= Information shown =

----

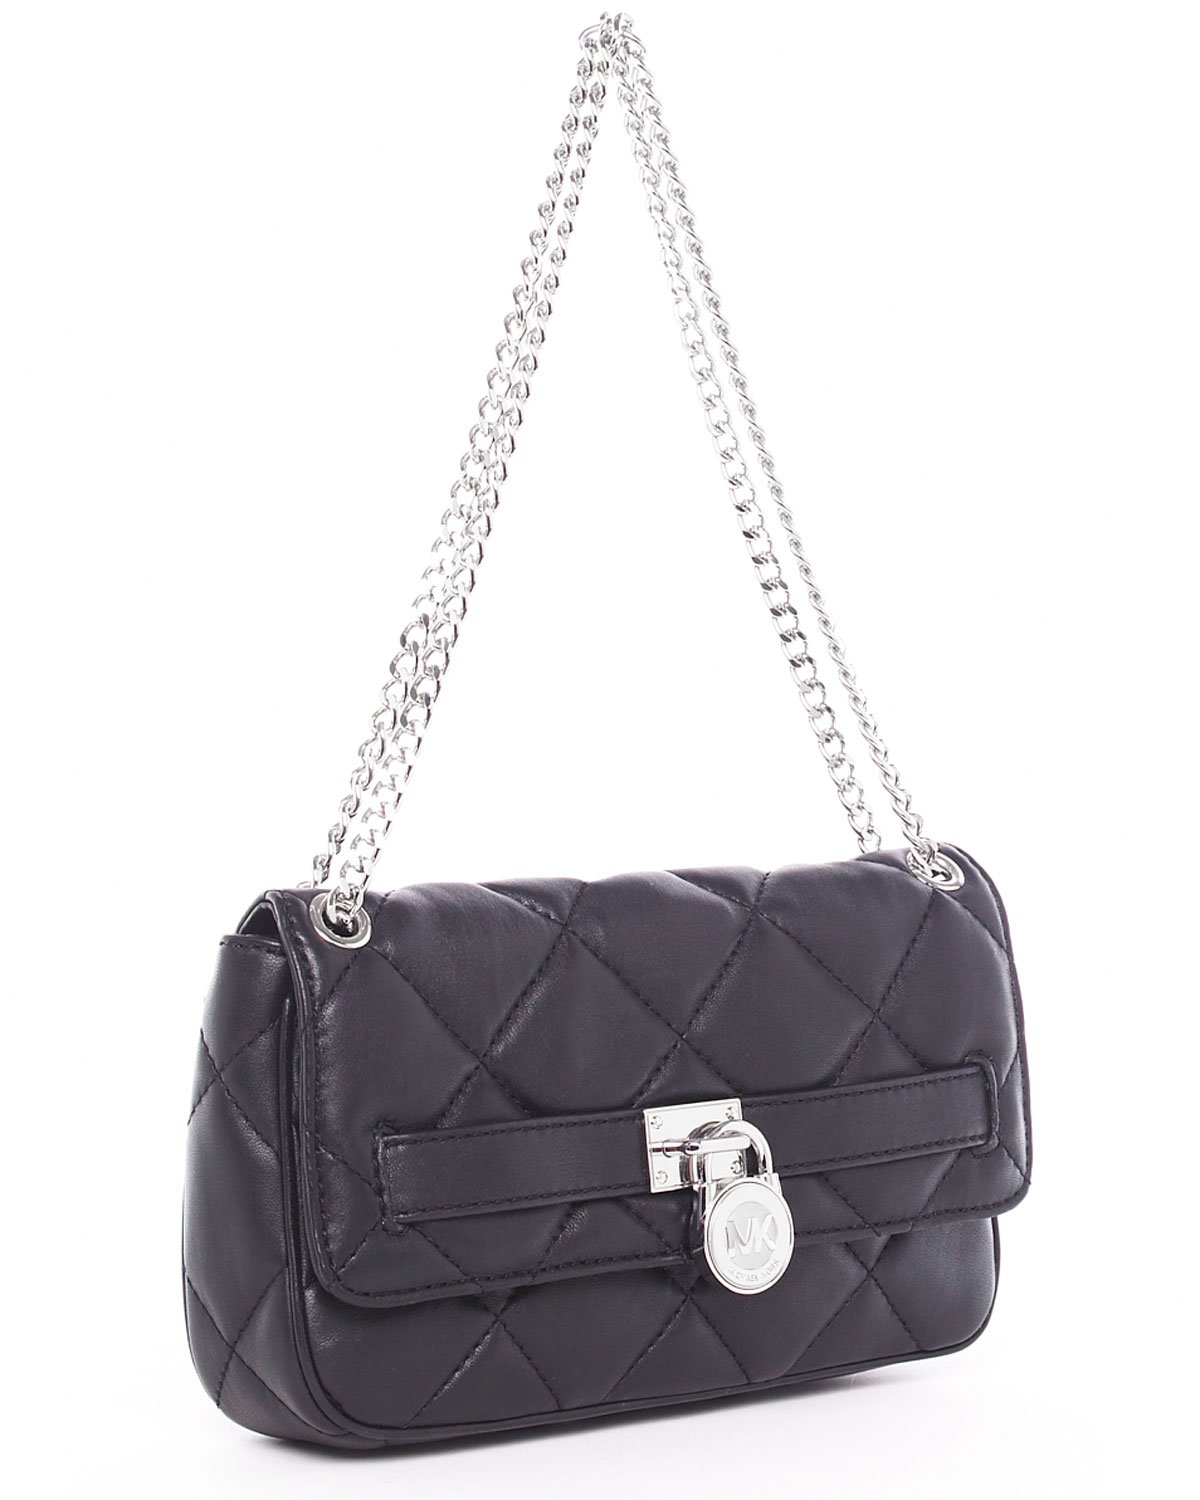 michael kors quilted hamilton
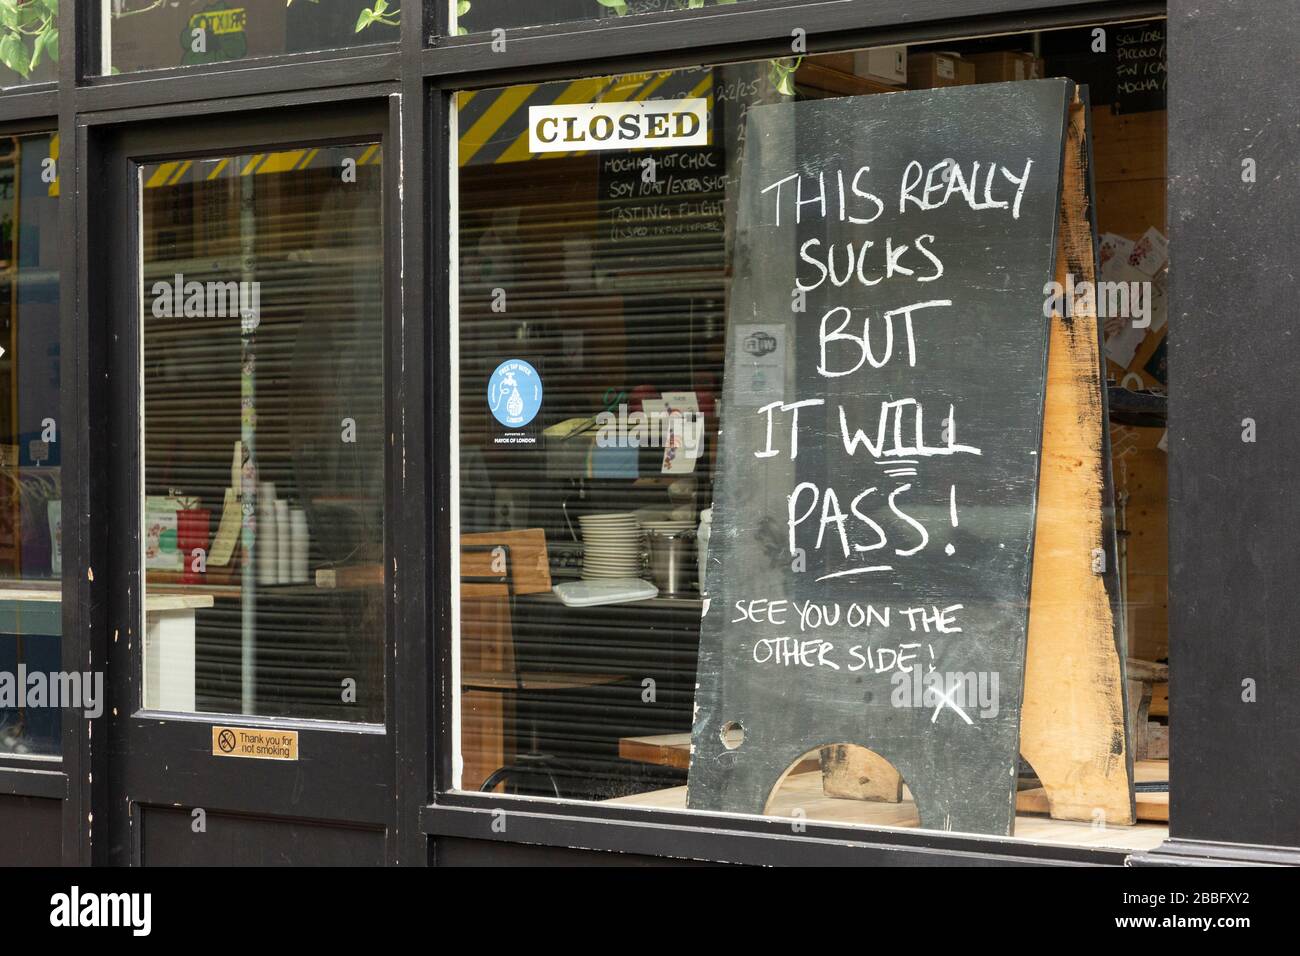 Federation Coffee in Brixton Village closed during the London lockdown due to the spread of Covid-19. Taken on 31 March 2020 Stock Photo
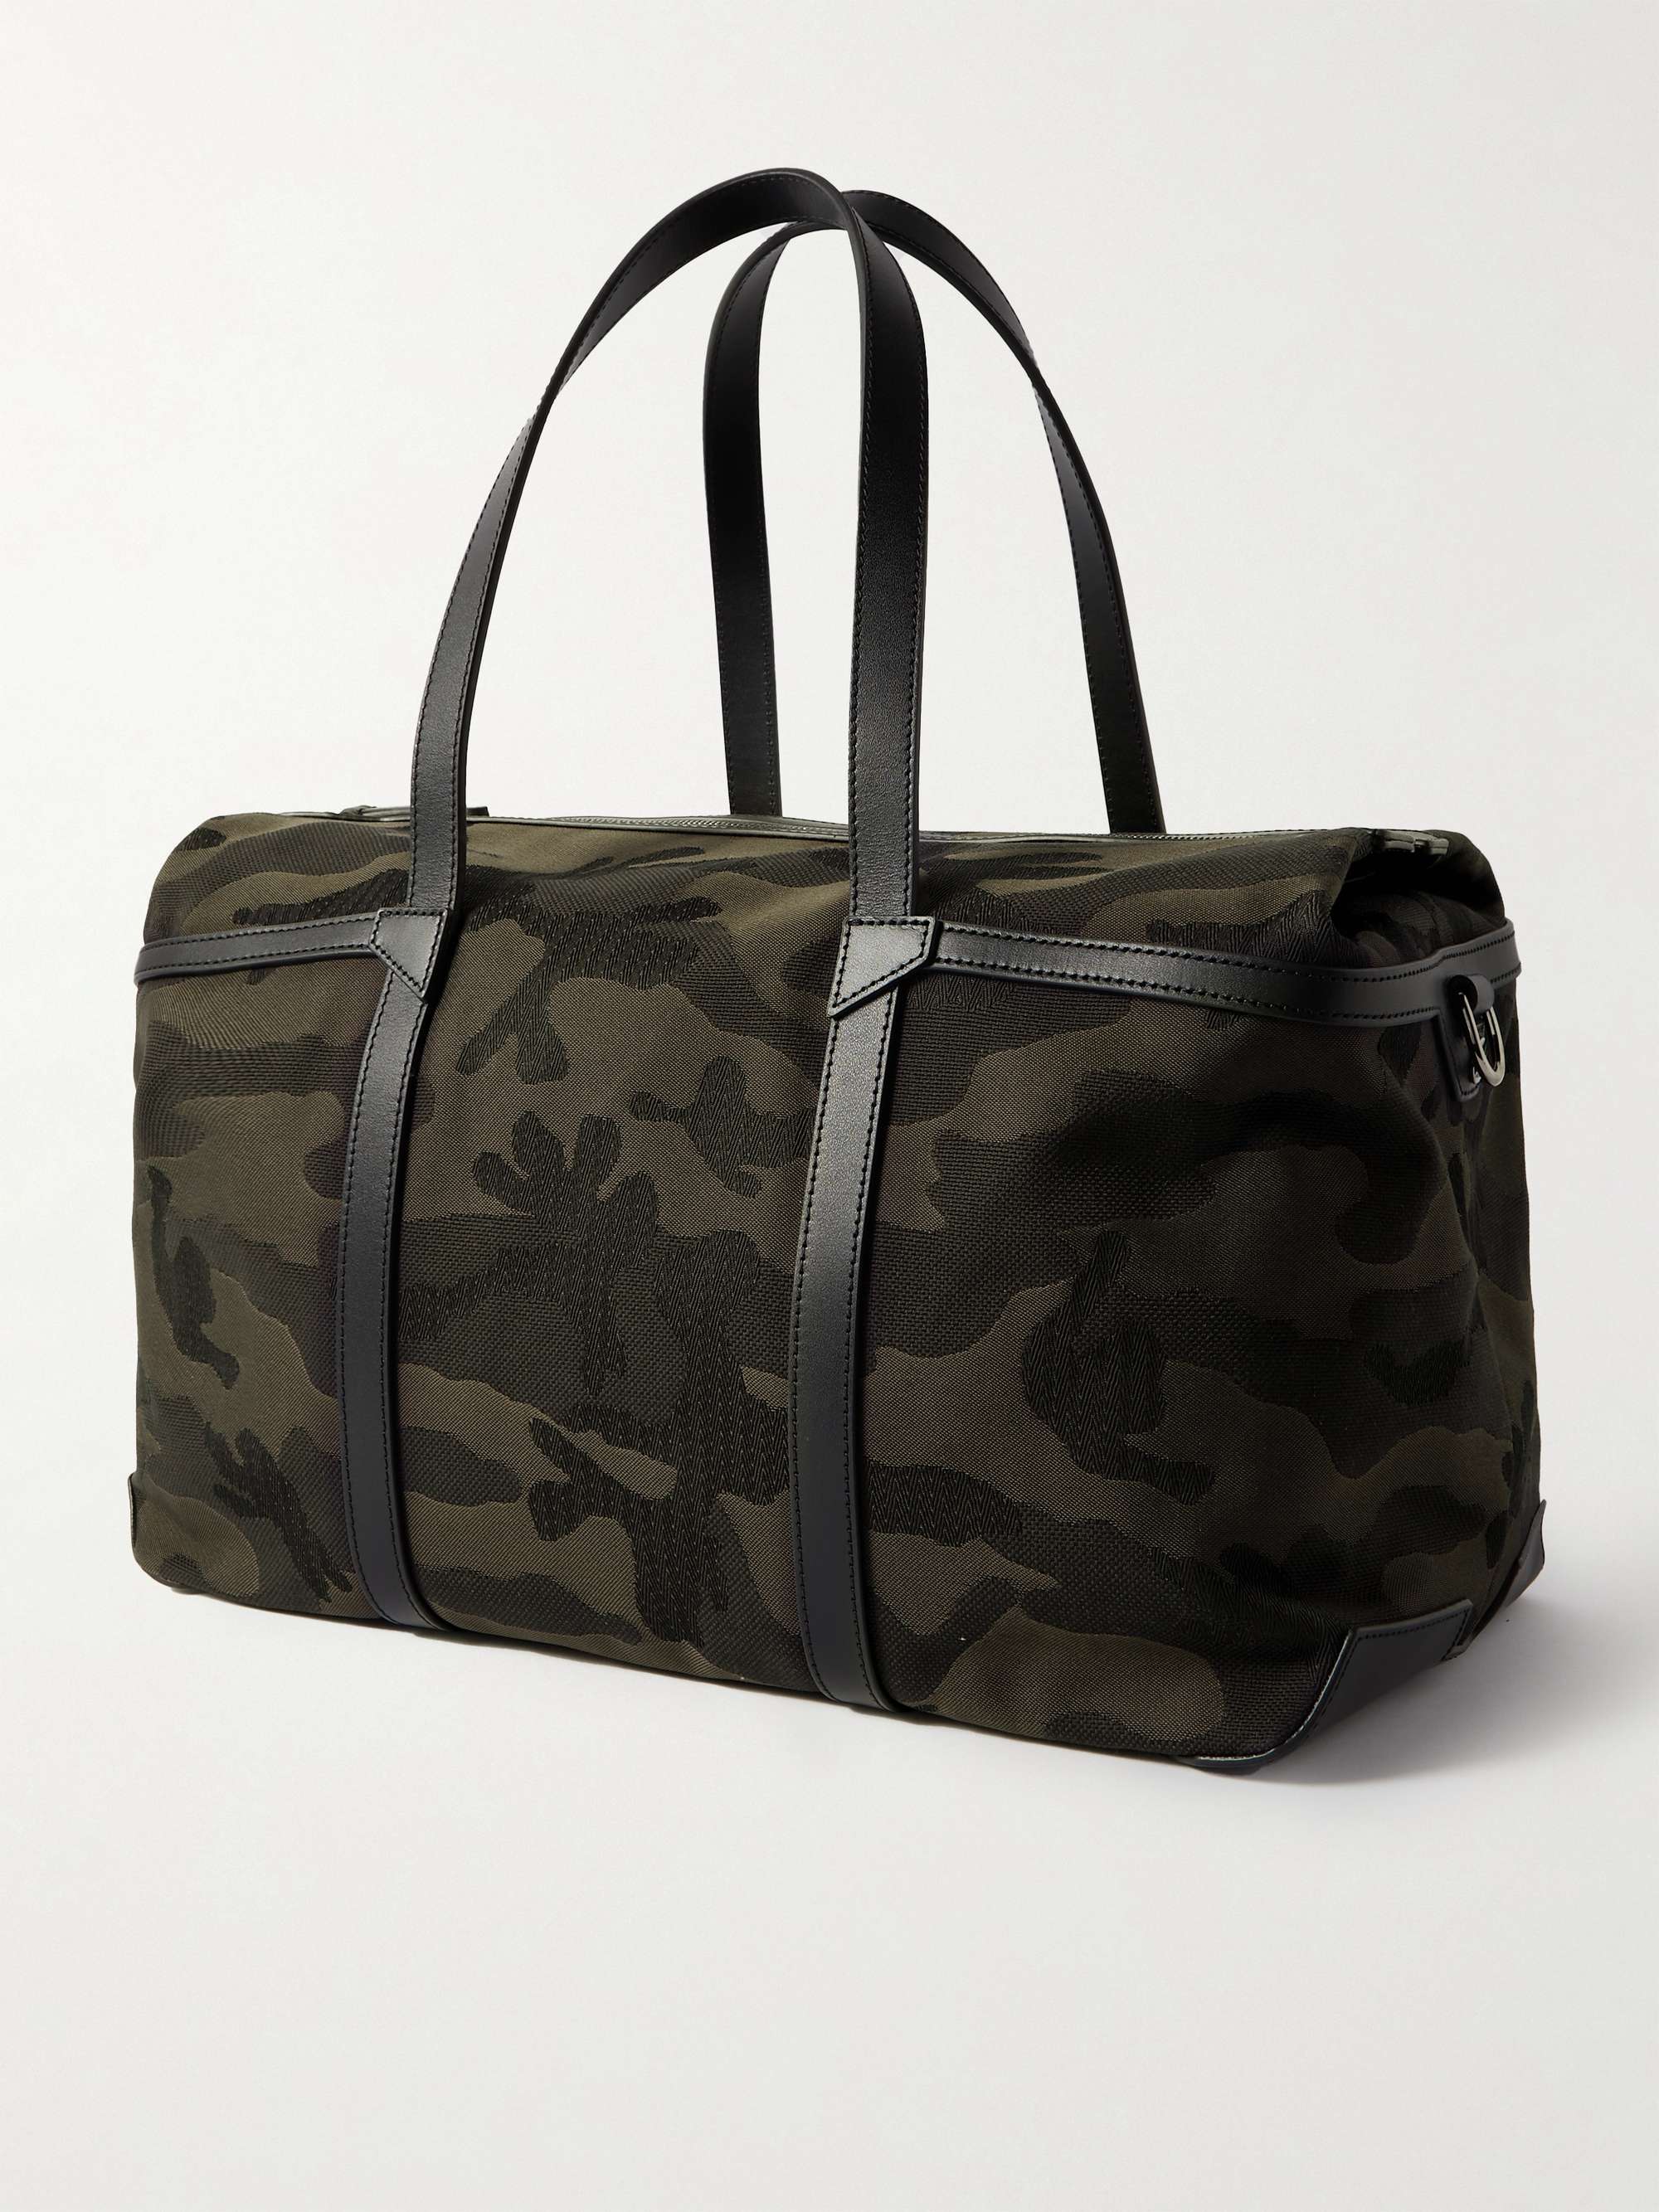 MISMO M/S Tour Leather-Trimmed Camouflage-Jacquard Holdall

----

= Task objective =
Could every line above be set down exactly, with the pictures omitted?

= Reply to the exercise =
 michael kors quilted hamilton
 Federation Coffee in Brixton Village closed during the London lockdown due to the spread of Covid-19. Taken on 31 March 2020 Stock Photo
 MISMO M/S Tour Leather-Trimmed Camouflage-Jacquard Holdall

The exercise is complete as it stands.